Compound 5 (344 mg, 858 µmol) was coevaporated with anhydrous pyridine three times, and then dissolved in anhydrous pyridine (5 mL). The solution was cooled in an ice bath, and then isobutyryl chloride (108 µL, 1.03 mmol) was added. The ice bath was removed, and the reaction mixture was stirred for 1 h at room temperature. The reaction mixture was diluted with ethyl acetate (100 mL), and the organic layer was washed with saturated NaHCO3 (100 mL × 2) and brine (100 mL × 1), and then was dried over Na2SO4. The solvent was evaporated in vacuo. The residue was co-evaporated with toluene three times, and the product was purified with silica gel column chromatography with a stepwise gradient of 20%–60% ethyl acetate in hexane. The fractions containing the product were evaporated to give a white solid. Yield 357 mg (759 µmol, 88%). TLC (hexane/ethyl acetate, 3:2) Rf 0.21. 1H-NMR (500 MHz, CDCl3) δ (ppm) 7.78 (s, 1H), 7.72 (s, 1H), 6.13 (dt, J = 5.5 and 2.2 Hz, 1H), 5.84 (m, 2H), 5.64 (m, 1H), 3.70 (dd, J = 10 and 5.5 Hz, 1H), 3.60 (dd, J = 10 and 5.5 Hz, 1H), 2.99 (m, 2H), 2.77 (dt, J = 13.5 and 8.8 Hz, 1H), 1.66 (m, 3H), 1.27 (s × 2, 3H × 2), 0.89 (s, 9H), 0.86 (m, 2H), 0.63 (m, 2H), 0.05 (s, 6H). FAB-HRMS m/z 471.2902 ([M + H]+, m/z 471.2904 calcd for C24H39O2N6Si) (See Figure S6).

4.2.3. Synthesis of N2-Isobutyryl-abacavir (7)

Compound 6 (344 mg, 732 µmol) was dissolved in anhydrous THF (5 mL), and the solution was cooled in an ice bath. TEA·3HF (447 µL, 2.93 mmol) was added to the solution. The ice bath was removed, and the reaction mixture was stirred overnight at room temperature. The reaction mixture was diluted with chloroform (100 mL), and the organic layer was washed with saturated NaHCO3 (100 mL × 2) and brine (100 mL × 1), and then was dried over Na2SO4. The solvent was evaporated in vacuo.
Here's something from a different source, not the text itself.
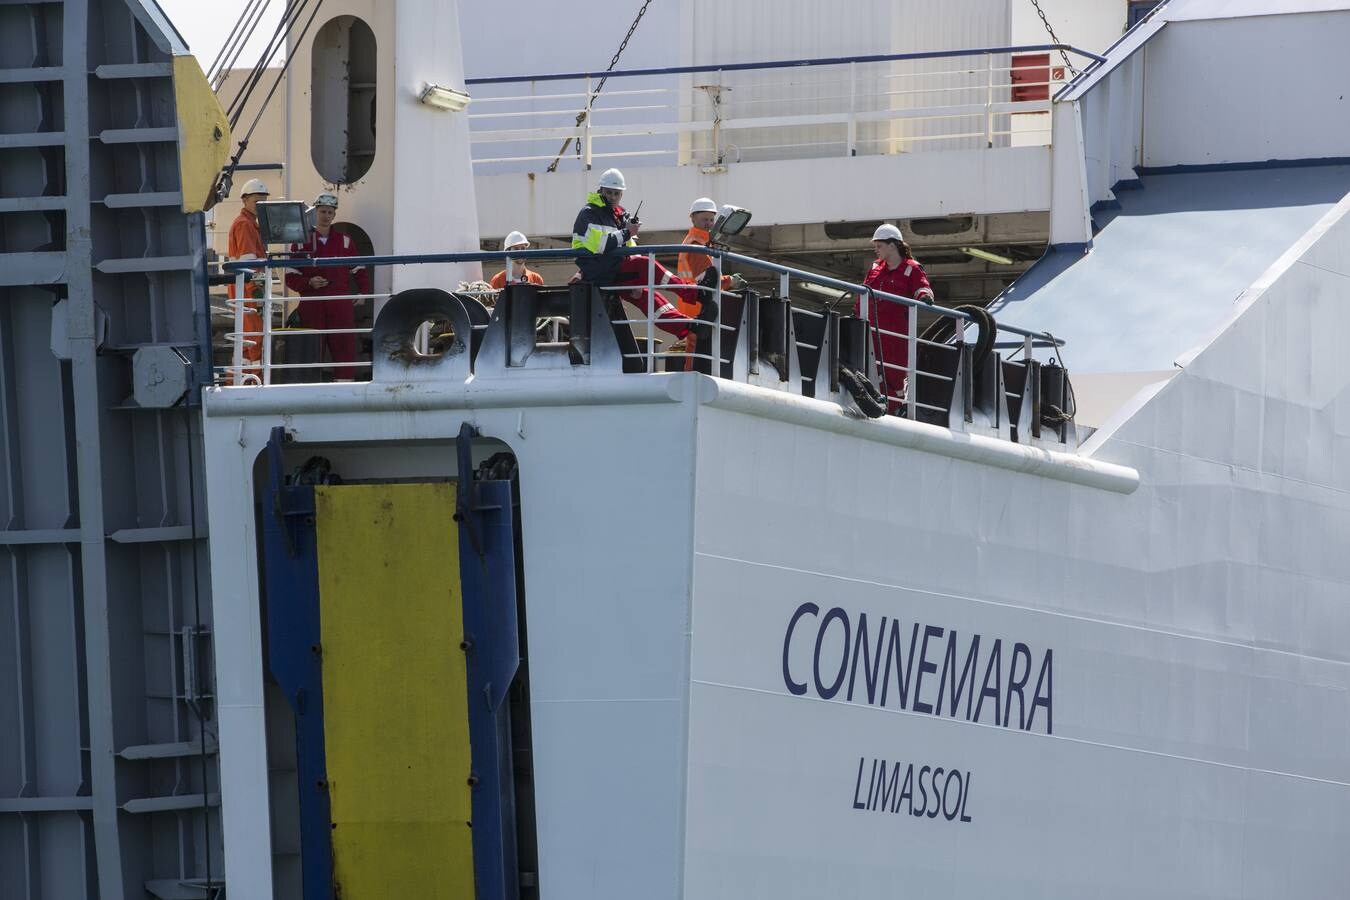 El barco 'Connemara' ha iniciado hoy su ruta de la localidad irlandesa de Cork a Santander, la primera conexión marítima entre Irlanda y España, con el objetivo de trasladar a 40.000 personas y 20.000 camiones al año cuando la línea esté consolidada.

The residue was co-evaporated with toluene three times, and the product was purified with silica gel column chromatography with a stepwise gradient of 0%–4% methanol in chloroform. The fractions containing the product were evaporated to give a white solid. Yield 231 mg (648 µmol, 89%). The product was dissolved in 20% methanol in chloroform (2.5 mL), and the solution was dropped into the mixture of hexane and diethyl ether (50 mL, 1/1, v/v) to give a white powdery product. TLC (CHCl3/MeOH, 10:1) Rf 0.29. 1H-NMR (500 MHz, CDCl3) δ (ppm) 7.79 (s, 1H), 7.71 (s, 1H), 6.14 (dt, J = 5.5 and 2.2 Hz, 1H), 5.91 (br, 1H), 5.86 (dt, J = 5.5 and 2.2 Hz, 1H), 5.58 (m, 1H), 3.84 (m, 1H), 3.72 (m, 1H), 3.09 (m, 1H), 3.03 (br, 1H), 2.80 (dt, J = 14 and 9.2 Hz, 1H), 2.01 (dt, J = 14 and 6 Hz, 1H), 1.27 (s, 3H), 1.26 (s, 3H), 0.87 (m, 2H), 0.63 (m, 2H). FAB-HRMS m/z 357.2037 ([M + H]+, m/z 357.2039 calcd for C18H25O2N6) (See Figure S7).
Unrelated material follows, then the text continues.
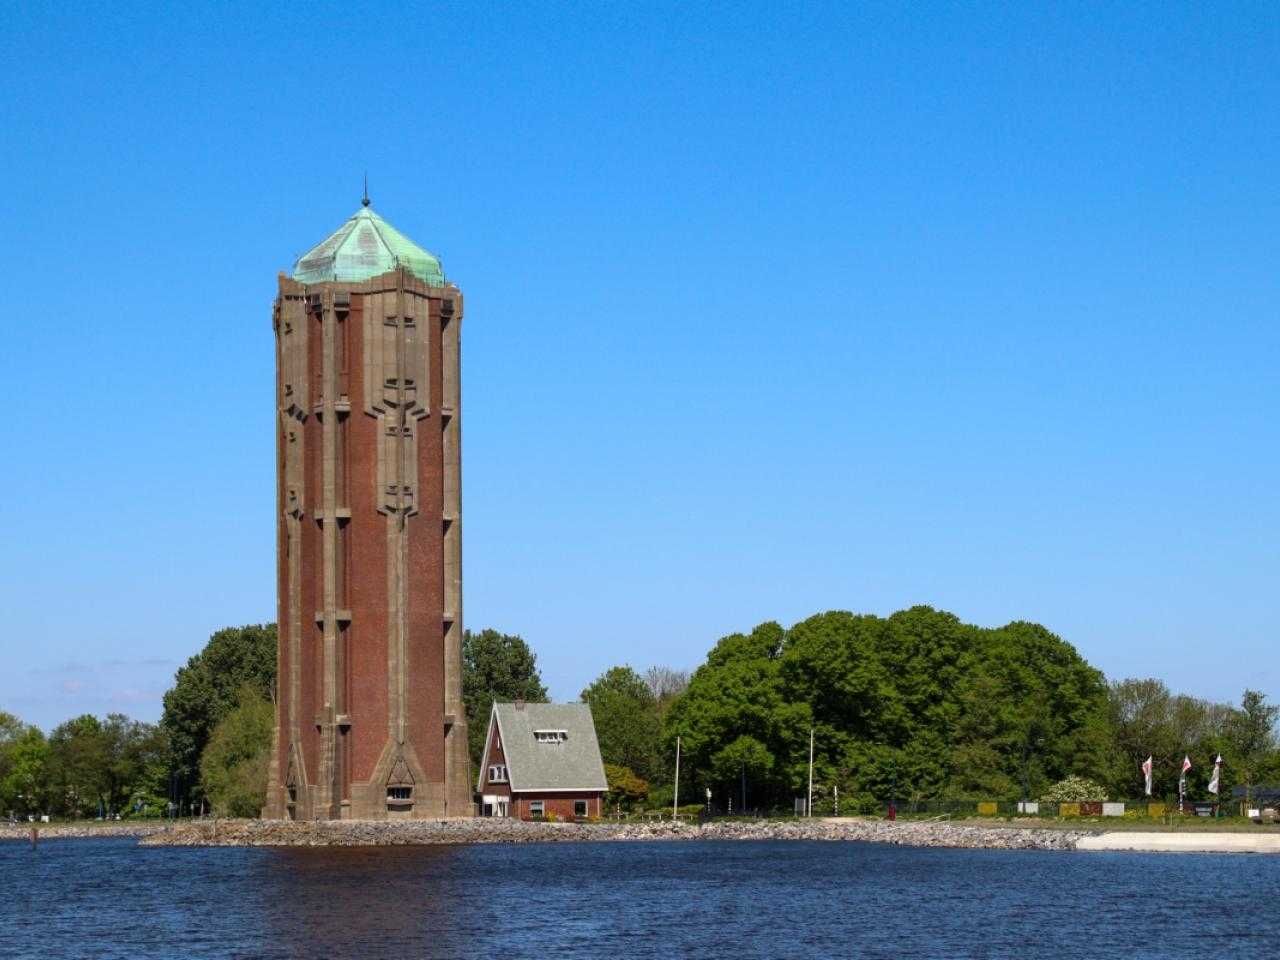 Watertoren Aalsmeer

4.2.4. Synthesis of N2-Isobutyryl-abacavir phosphoramidite (1)

Compound 7 (37 mg, 104 µmol) was suspended in anhydrous THF (1.0 mL), and subsequently diisopropylethylamine (72 µL, 416 µmol) and 2-cyanoethyldiisopropylchlorophosphoramidite (47 µL, 208 µmol) were added. The reaction mixture turned into a clear solution, and then precipitates appeared. After continuous stirring for 30 min at room temperature, the reaction mixture was diluted with ethyl acetate (40 mL). The organic layer was washed with 2% NaHCO3 (40 mL × 2) and brine (40 mL × 1), and then was dried over Na2SO4. The solvent was evaporated in vacuo. The residue was co-evaporated with toluene once, and the product was purified with silica gel column chromatography with a stepwise gradient of 50%–70% ethyl acetate in hexane containing 0.1% pyridine. The fractions containing the product were evaporated to dryness. The residue was further coevaporated with acetonitrile to give a glassy product. Yield 38 mg (58 µmol, 56%, estimated by 31P-NMR). TLC (CHCl3/MeOH, 10:1) Rf 0.78. 31P-NMR (203 MHz, acetone-d6) δ (ppm) 145.49 and 145.37. FAB-HRMS m/z 557.3115 ([M + H]+, m/z 557.3117 calcd for C27H42O3N8P) (See Figure S8).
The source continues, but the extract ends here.